Bringing physical and digital fashion together

While physical products are core to the whole concept of brand factories, they also see big potential in a hybrid digital/physical play. For example, the Wicked Sunday Club membership comes with digital NFT items, but Harding said they’re also exploring the idea of embedding an NFC-like tag within apparel that would let buyers verify ownership on the spot, thus unlocking access to wearable versions in online games or interactive experiences.

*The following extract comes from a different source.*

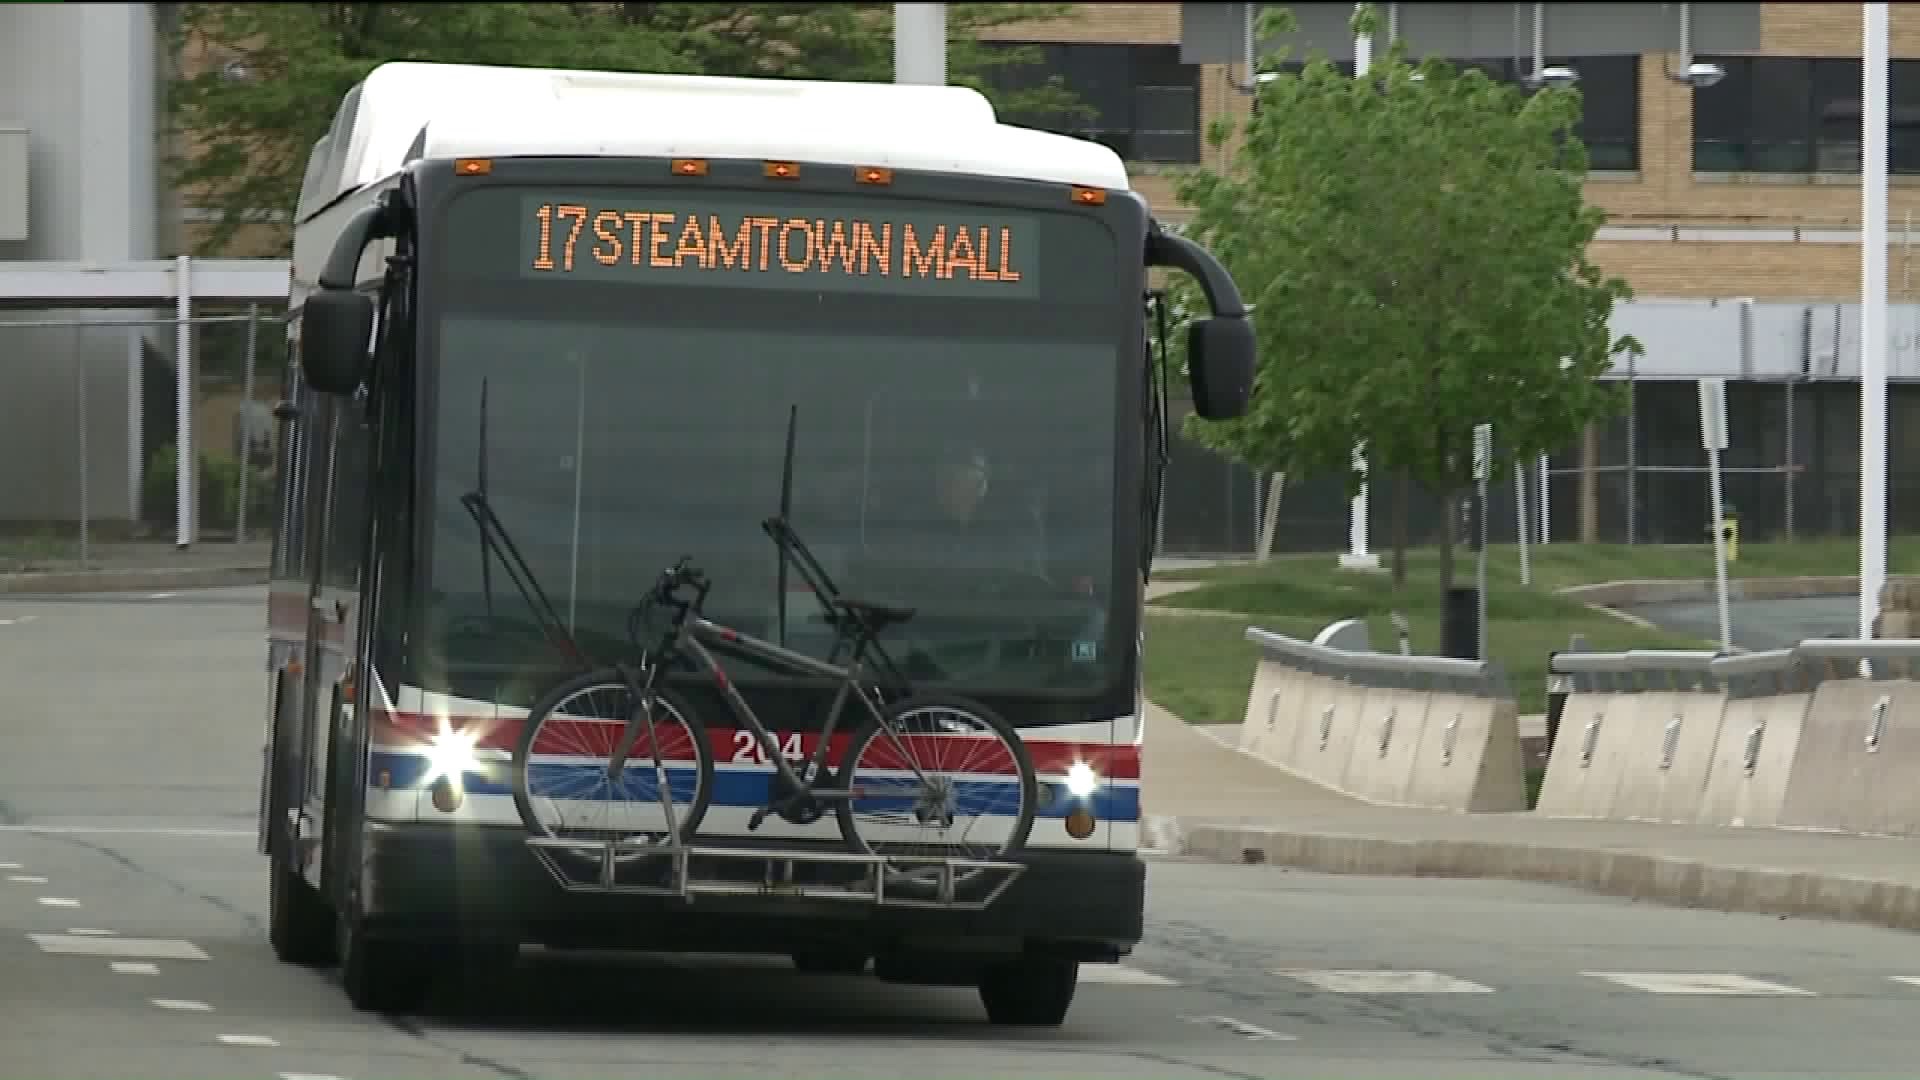 LCTA Adds Bus Routes to Airport

It would also allow buyers to track the pedigree and ownership of an item. “It’s kind of like a CarFax for your jacket,” said Harding. “JacketFax.”

“It really brings a whole new level,” added Jutt, “especially with the timing of COVID happening with all of this crazy stuff happening in the AR and VR spaces. There’s this huge push towards the digitalization of culture and experiences, and people’s identities and personalities online.”

“There’s this huge push towards the digitalization of culture and experiences.”

And while fashion is the first product of the brand factories, other items will follow—such as music, as we’ll apparently hear very soon. At this point, some of the details still feel fluid as MetaFactory refines its approach and figures out which ideas work and which don’t. But with Wicked Sunday Club officially launched, the brand factory is no longer conceptual, and the founders see a wealth of potential ahead.

“I definitely anticipate some brands will be more active than others, membership-wise. Some brands might find success before others, some might kind of fizzle, and some might really take off,” said Harding. “I think the real goal is to help to show people that this is a possibility, and something that can be done beyond just apparel and fashion as well. We’re taking a very slow approach in terms of finding the right artists to collaborate with.”